Aggregation starts with the budget—capturing the hard dollars spent on licenses and products for both year 1 and subsequent years—but that is only the tip of the iceberg. To get a true total cost of ownership (TCO), we must factor in the “soft” costs, such as the headcount required to support the tool and the actual staff time spent on its daily operations. We also have to account for the physical and virtual infrastructure, including the data center footprint, compute power, storage, and even the bandwidth used by the control. When you combine these into a single unit cost, it completely changes your long-term risk management approach because you can finally see which controls are black holes for resources. This financial clarity allows a CISO to defend their budget by demonstrating the “risk reduced per unit cost,” turning security from a vague insurance policy into a measurable business investment.
Analyzing “risk reduced per unit cost” can reveal that legacy tools provide less value than modern alternatives like container scanning or cloud posture management. How do you objectively identify which controls to decommission, and how do you explain the concept of opportunity cost to stakeholders during budget discussions?

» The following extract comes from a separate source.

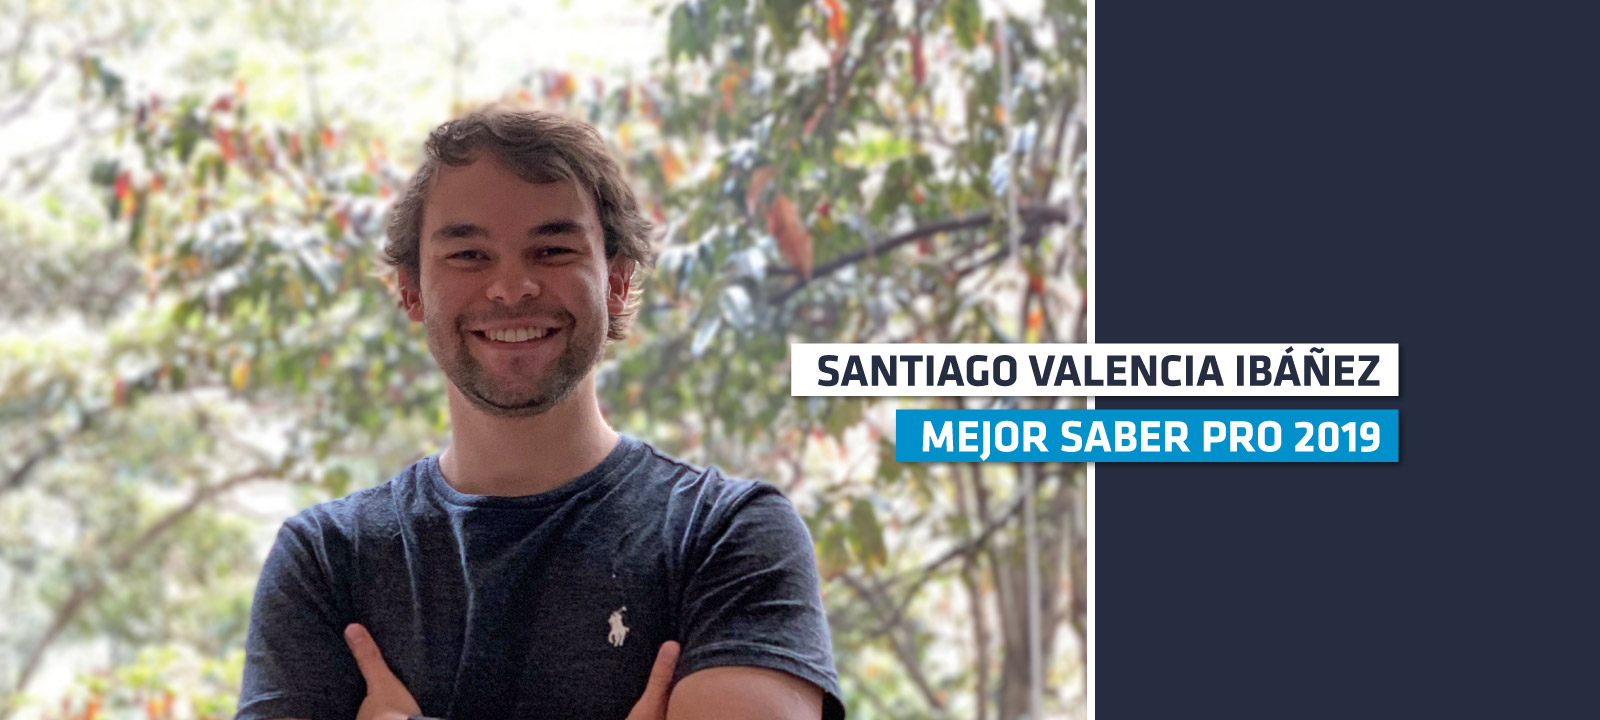 Santiago fue galardonado como el mejor saber pro del 2019

Objectively identifying controls for decommissioning requires a cold, hard look at whether the risk mitigation provided justifies the ongoing TCO. For example, a legacy control like a modem wardialer might have been vital 25 years ago, but in a modern ecosystem, its value is negligible while its maintenance costs remain. I explain this to stakeholders through the lens of “opportunity cost”—every dollar and every hour of staff time spent keeping that wardialer alive is a resource we cannot spend on container scanning, secrets management, or cloud security posture management. It is a probabilistic discipline, and while it is scary to remove a control that might catch an attack once a decade, the risk of not investing in modern defenses like large language model gateways is far greater. By showing stakeholders exactly what they are giving up to keep legacy tools on life support, the conversation shifts from “cutting security” to “upgrading defense.”

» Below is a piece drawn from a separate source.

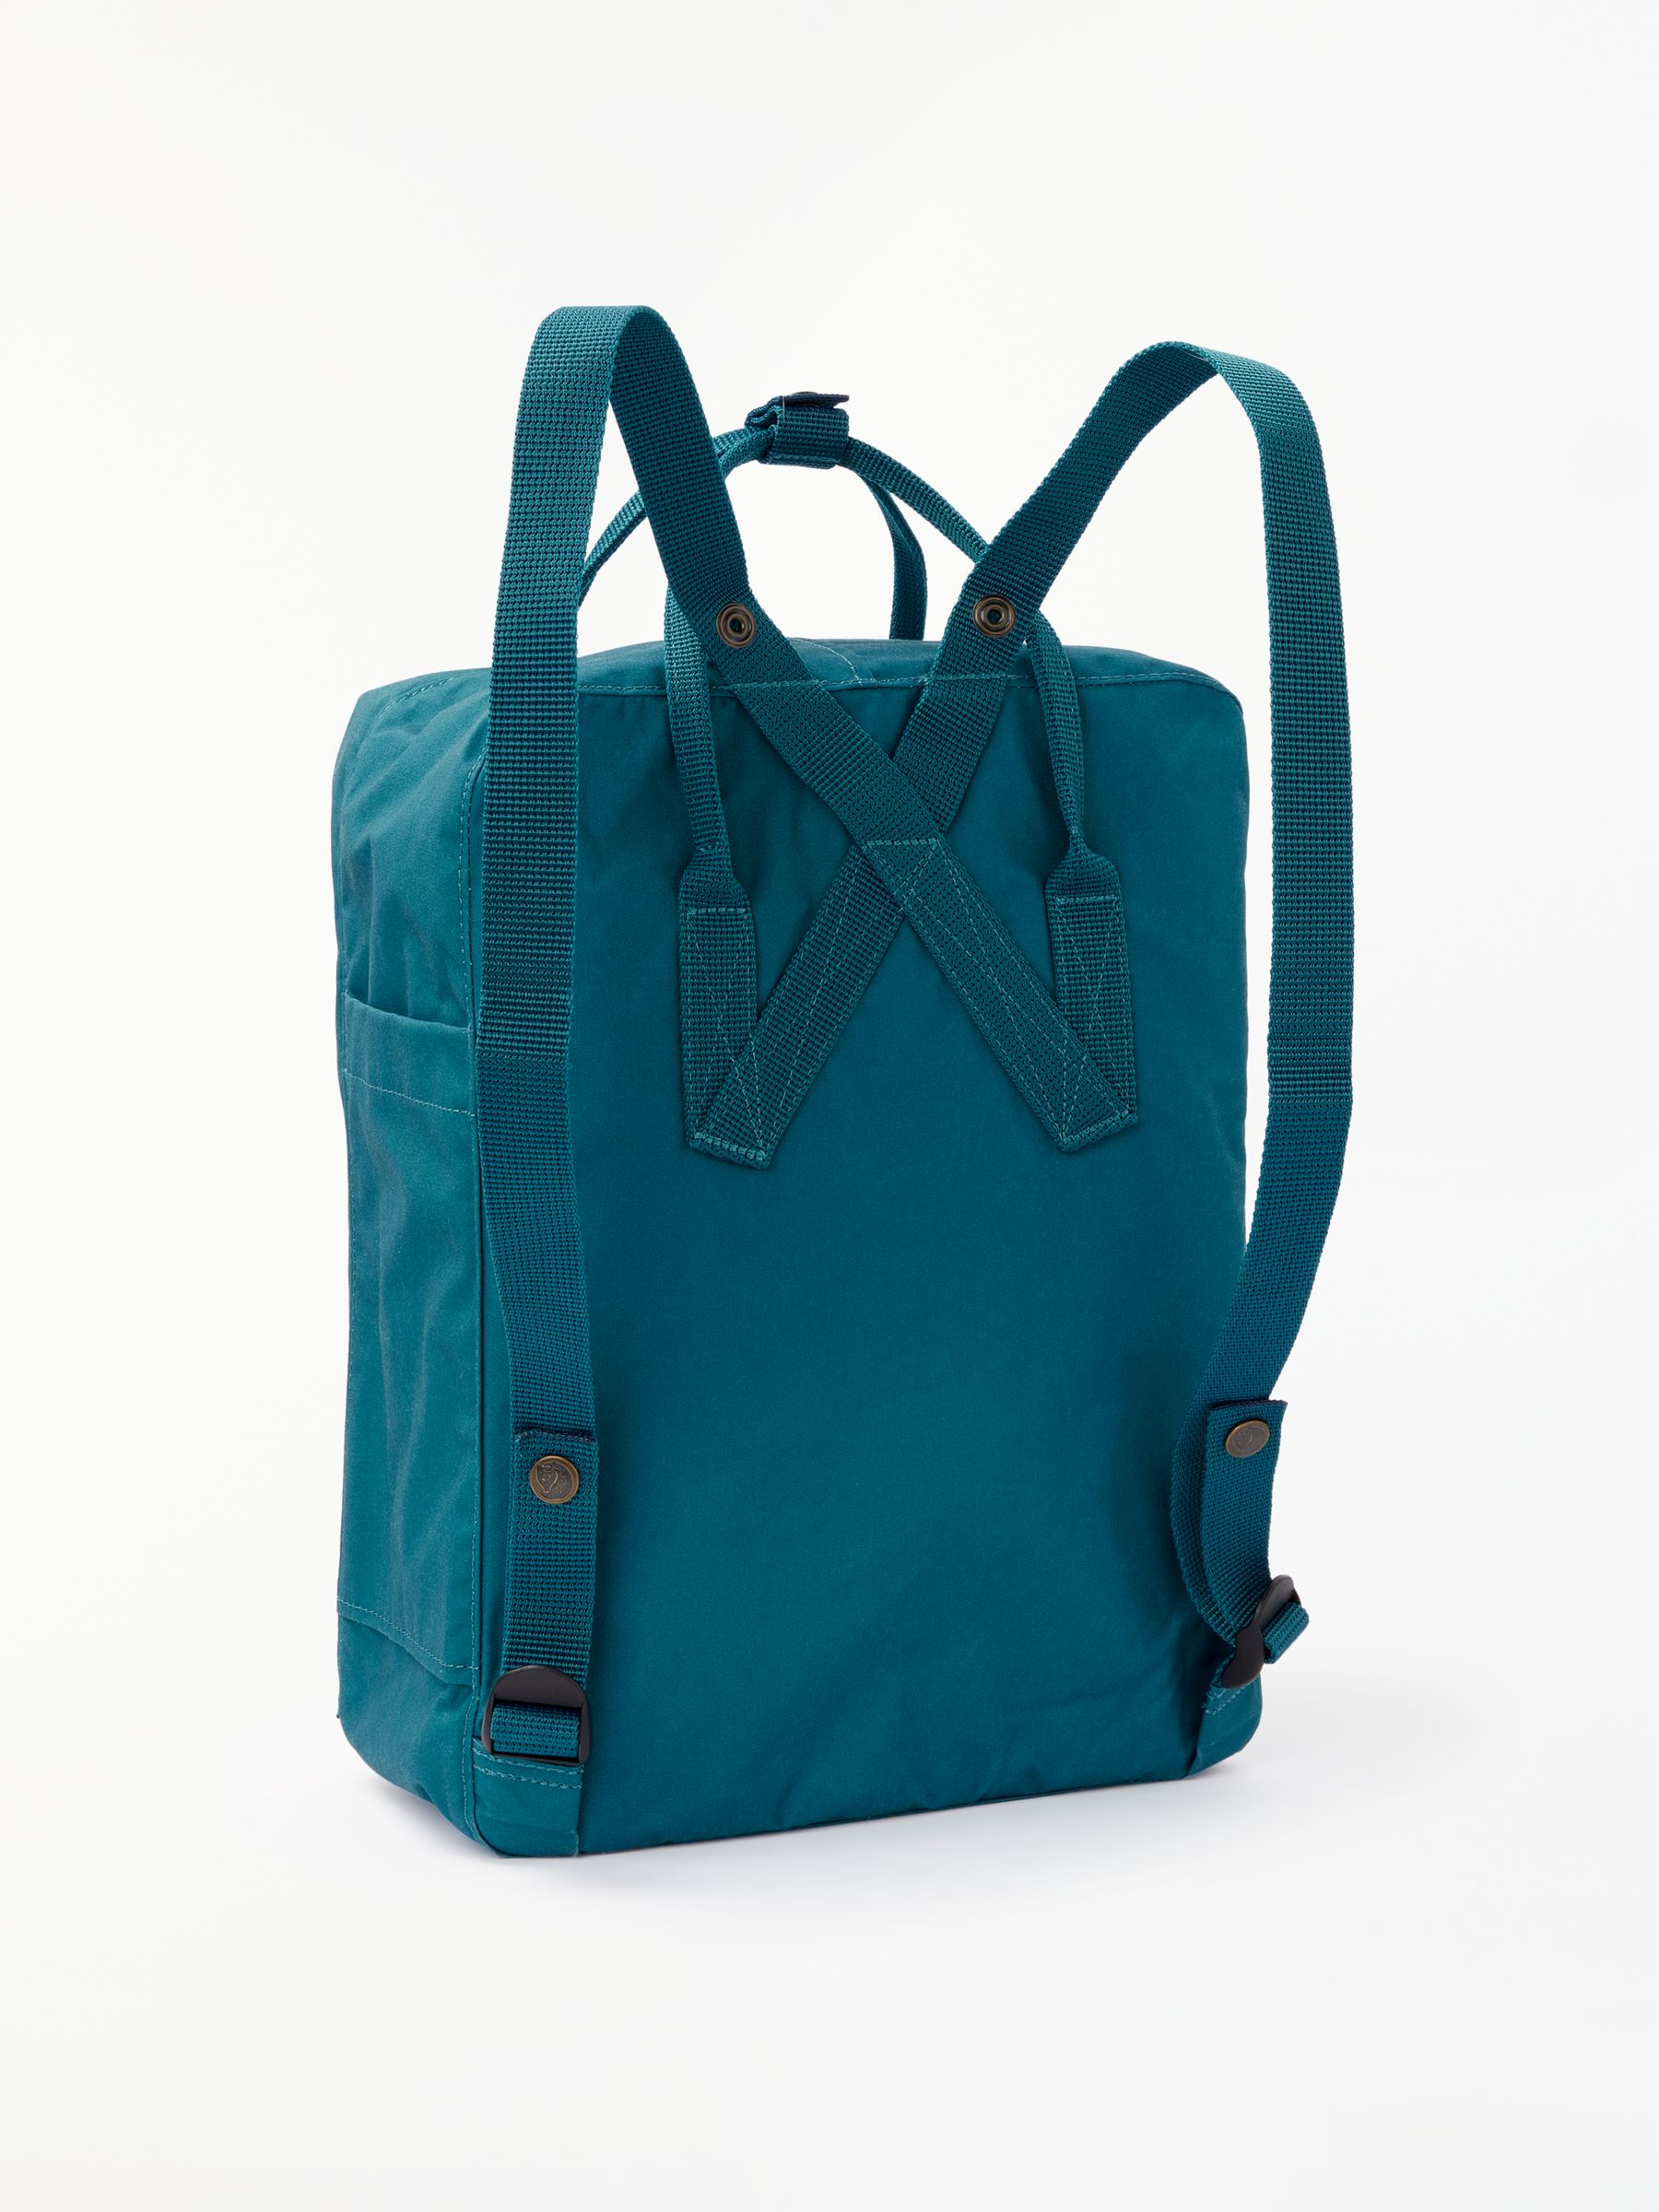 FjÃ¤llrÃ¤ven KÃ¥nken Classic Backpack at John Lewis & Partners

What is your forecast for the future of security control evaluations?
My forecast is that we are entering an era where “information-free” security strategies will become a liability that boards of directors simply will not tolerate. As budgets tighten and the complexity of environments increases, the reliance on quantitative risk modeling will shift from a niche specialty to a core requirement for every security leader. I expect to see a much more aggressive decommissioning of legacy tools as organizations realize they can no longer afford the opportunity costs of inefficient controls. Ultimately, the future belongs to those who can articulate their security posture in terms of economic efficiency, proving that their investments are not just technically sound, but are providing the maximum possible risk reduction for every dollar spent. We are moving away from the era of “more is better” and toward an era of “measured is better,” where data is the only metric that counts.